Ereshkigal walked over to me, and I was taken aback by how imposing she was in real life. This was my first time meeting her, and she had an ethereal beauty that was almost painful to look at. Her dress was like a black mist forming around her, perfectly coiling to the parts worth accentuating, and her hands were clasped in front of her.
With a knowing smile, she looked at me and said, "You are the one that has given me so much trouble."
"Right back at you," I said, which actually made her smile deepen. "What do you want with me?"
"Are you not the leader of the Valkyries?" she asked.
"Leader?" I said with a laugh. "I'm not even technically a Valkyrie yet."
"Then why have you been leading the fight against me?" she asked, seeming surprisingly unruffled about having my position so wrong.
"It's a long story, but the short version is: because I saw what you were doing, and I couldn't stand by and let you destroy the world."
"I don't want to destroy the world," she insisted. "I merely want to set it free!"
"But the way you are going about it, you are destroying the world!" I shouted at her. "The underworld cannot be unleashed without dramatic disastrous consequences. Even if you weren't plotting to kill us all or overturning millennia's worth of doctrine and binding ecclesiastic law, where do you think you will live? There are nearly twenty-five billion beings living here right now. There are barely enough resources to go around, and you want to add the billions of bein
gs from the underworld?"
Her expression was impassive as she said, "Then so be it. Only the strong will survive."
"But you already had your turn!" I argued. "Let the rest of us get a chance at being alive."
"It is still my turn!" she snarled, and her face contorted with rage. "Do you not understand that? It never stopped being my turn. I am still alive, and I refuse to be locked away any longer."

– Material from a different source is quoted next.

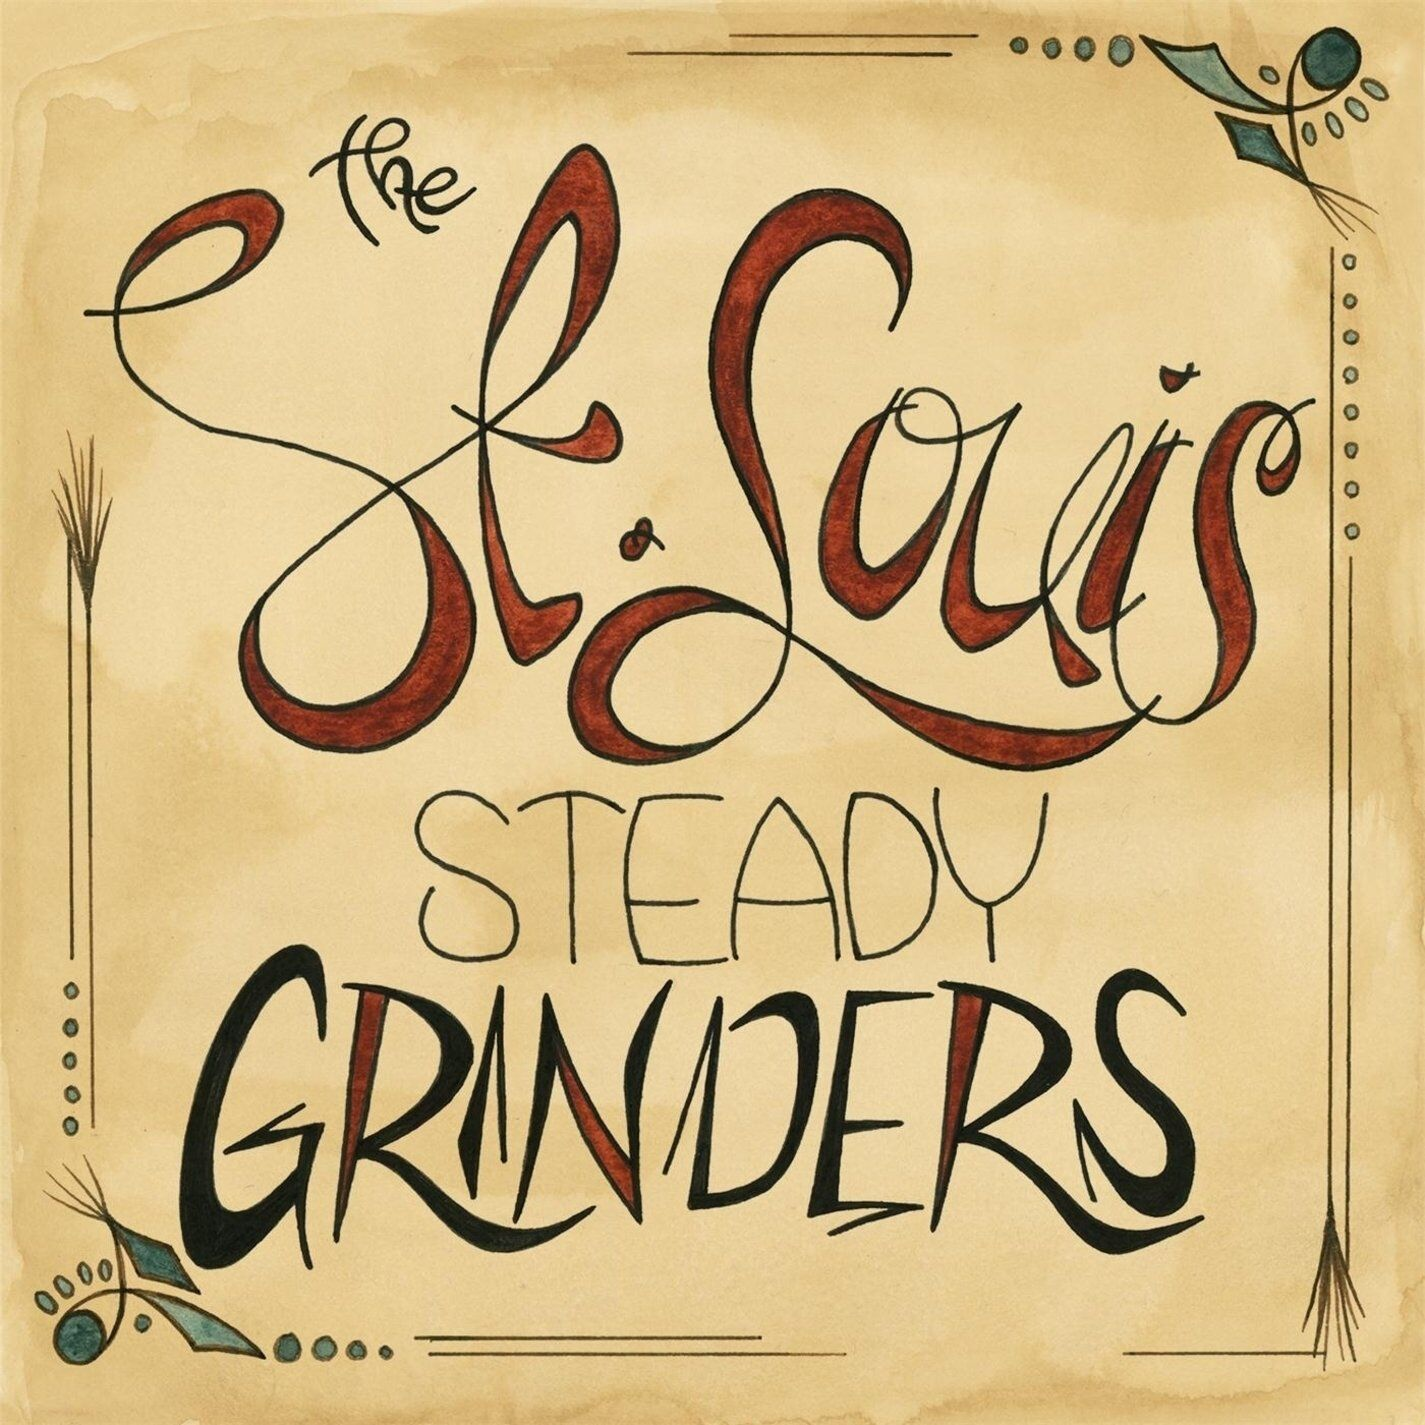 St. Louis Steady Grinders Album

"I'm not saying that your life was fair or that Kurnugia is the most ethical way to handle immortality," I said carefully. "What I am saying is that the earth cannot hold us all, and if you insist on opening Kurnugia for everyone to escape, you will doom us all. The world will be destroyed, and you and Gugalanna and everyone and everything will be doomed along with it."
Still she stood unmoved by my pleas. "If that is the only way to be free, then so be it. I will not give up until all the Valkyries are dead and the seals to Kurnugia have been completely removed so that everyone can be free."

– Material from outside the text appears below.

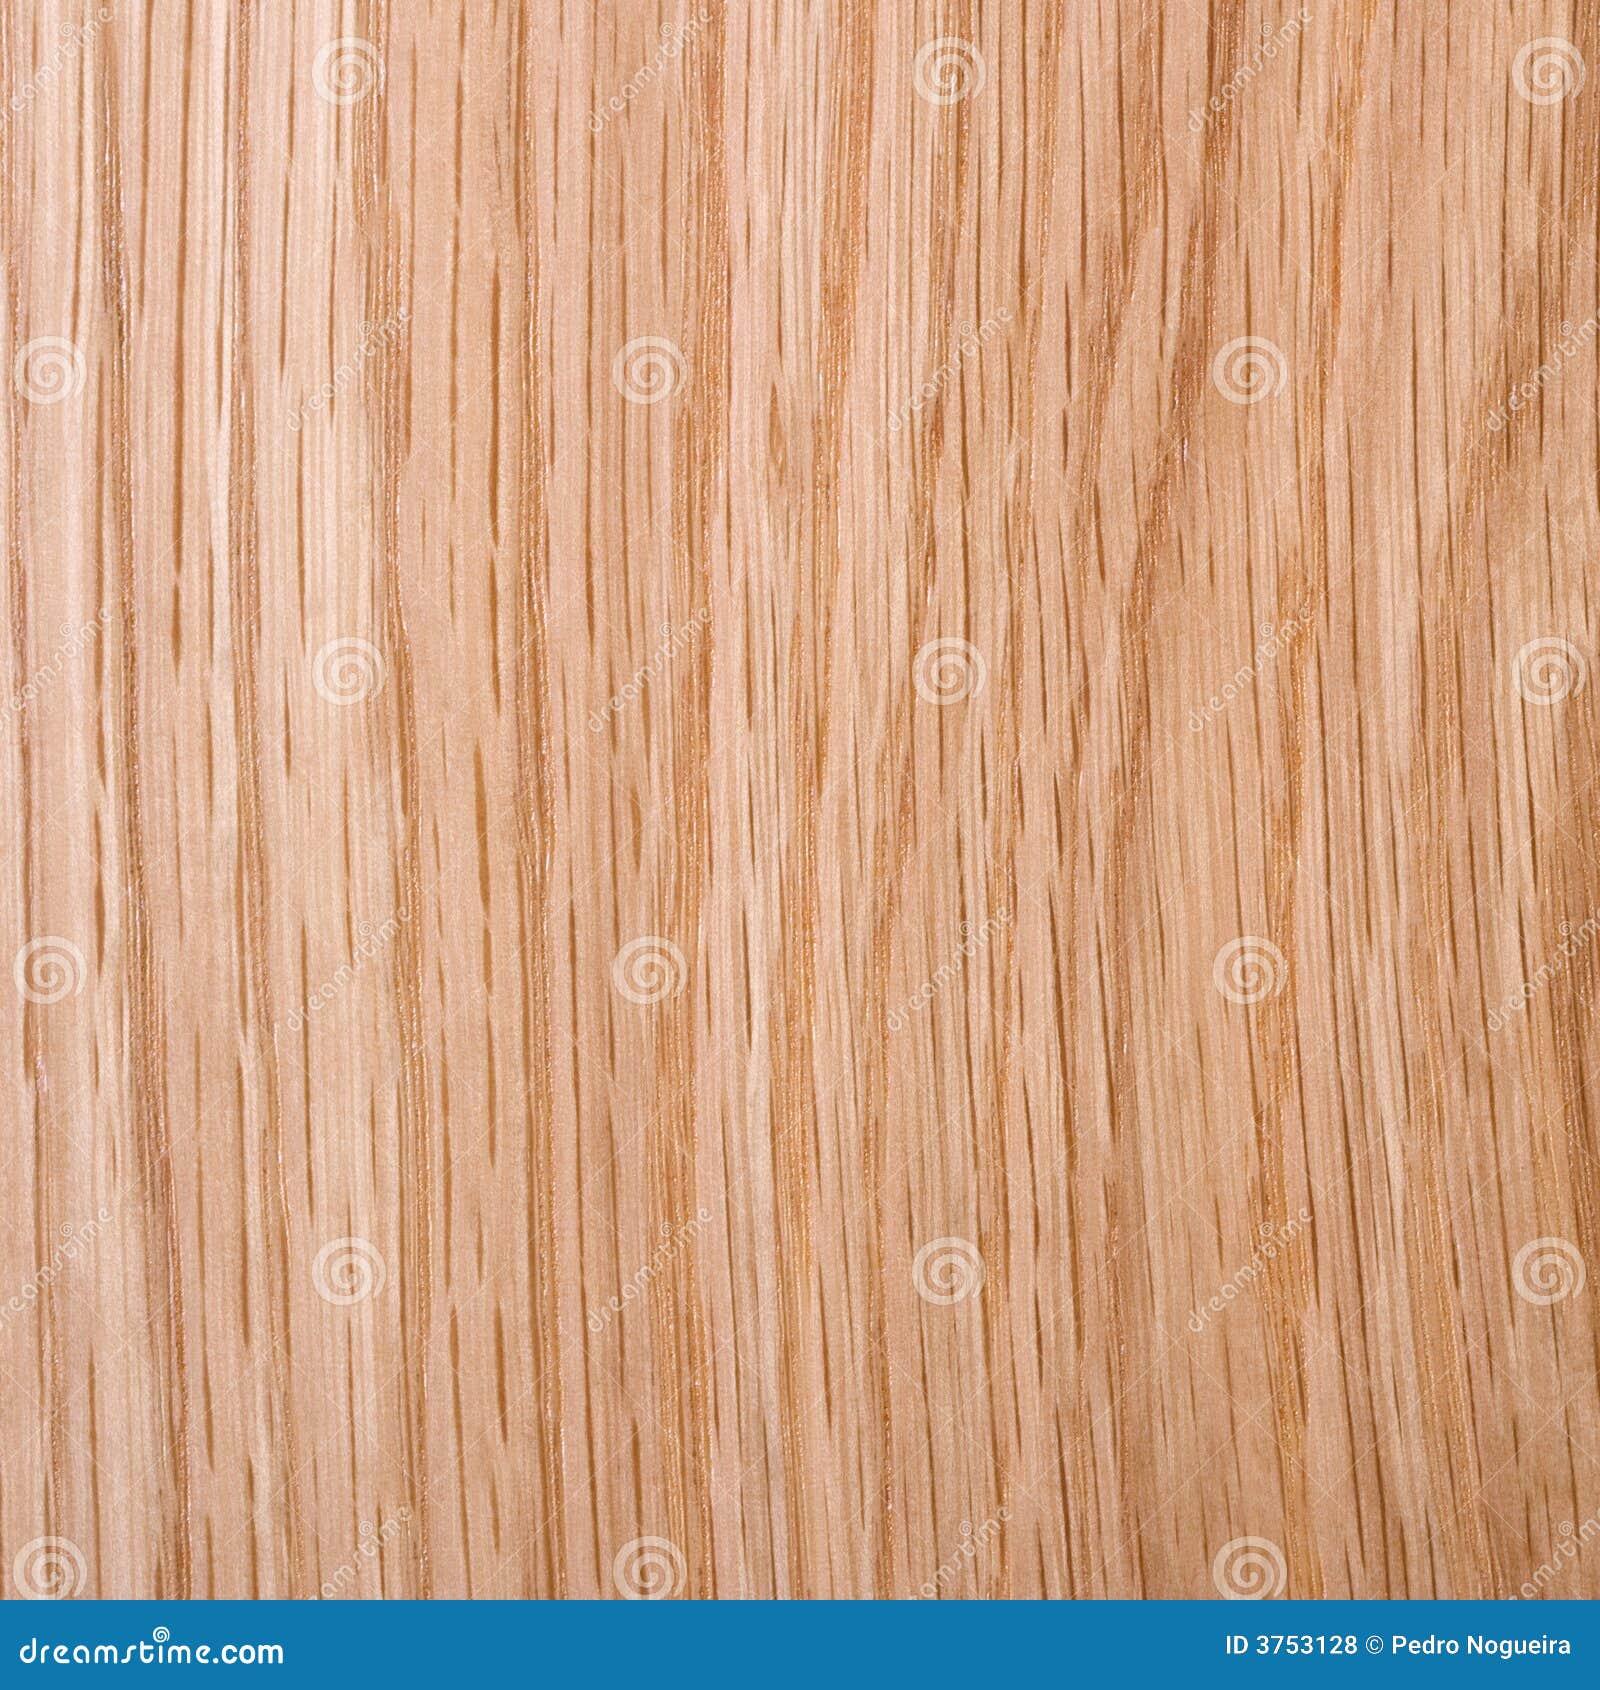 Light brown wood texture royalty free stock photos image for Legno chiaro texture

"There is no other way, then," I said simply. "You and the earth cannot coexist." The whole time we had been talking, I had been palming the spear inside my jacket, so it would be ready at a moment's notice.
She tilted her head then, and I struck. She tried to stop me, but it didn't matter where I stuck the weapon as long as the tip pierced her skin. She howled and her eyes flashed black, and that was the last thing that I remembered.
EIGHTY-EIGHT
The air smelled of pine needles and earth, and the rain felt cold as it landed on my face. My back ached terribly, but it was the dull throbbing in my head that made it hard for me to open my eyes.

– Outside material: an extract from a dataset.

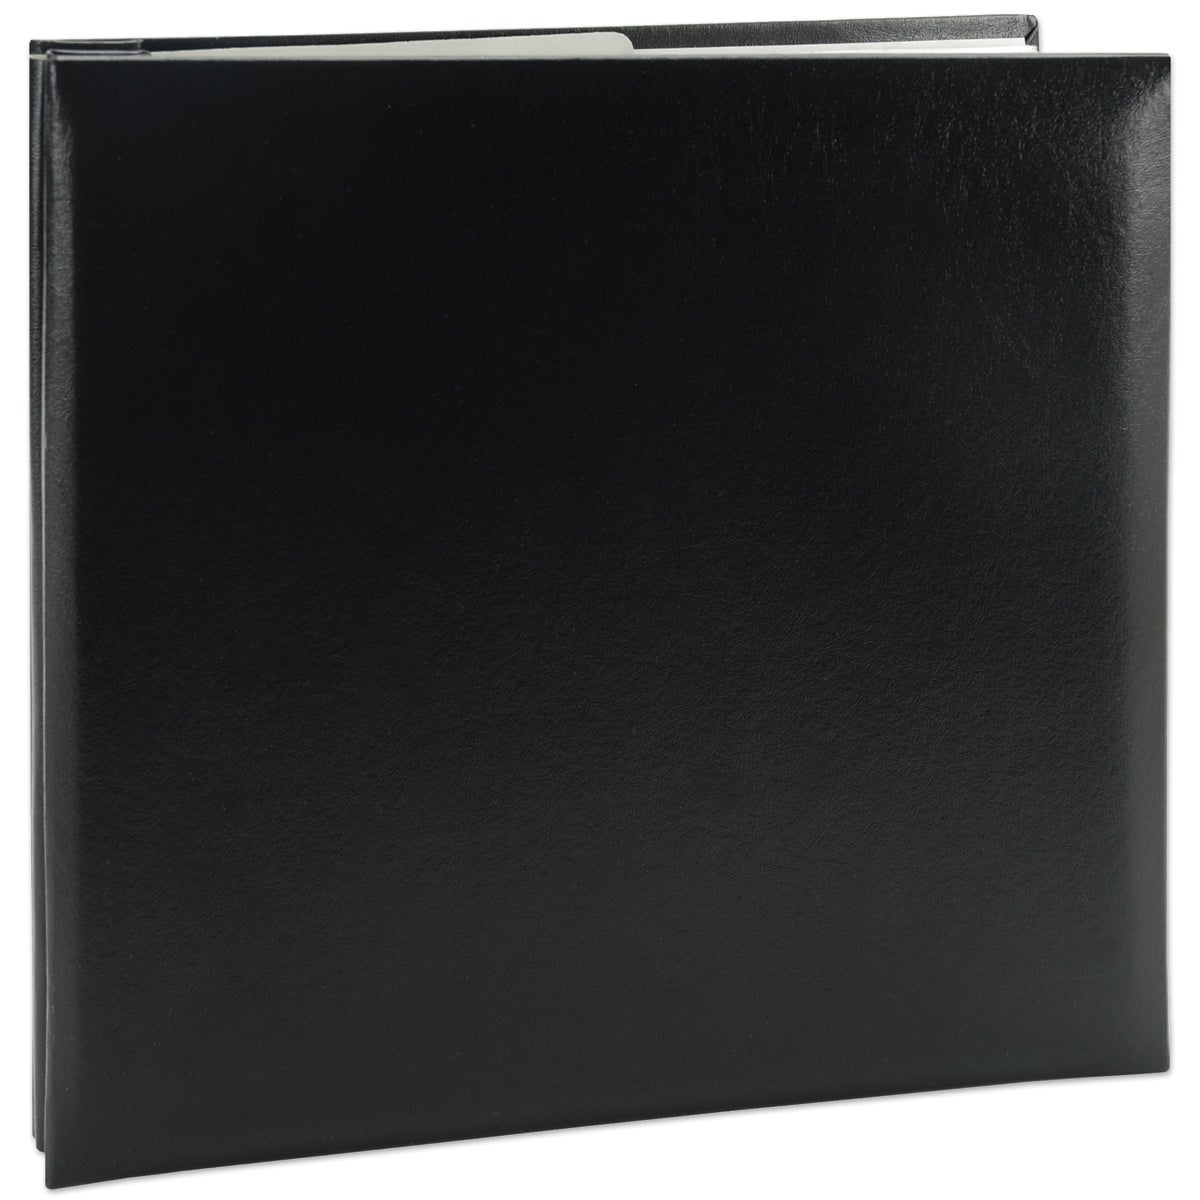 Pioneer Leatherette Post Bound Album 8inX8inBlack (Black)...

When I finally managed to open them, I was staring up at a forest. Trees towering over me, their branches covered in thick needles, with only the smallest gaps through the canopy where I could see the overcast sky.
Then someone stepped in front of me, blocking the dim light, and the rain falling on my face blurred my vision, so I couldn't see who it was--only a shadow standing over me.
I knew I should be afraid, but I felt strangely at peace and resigned to whatever happened next. Like a part deep inside me had always known that it would come to this, that this would be how it ended.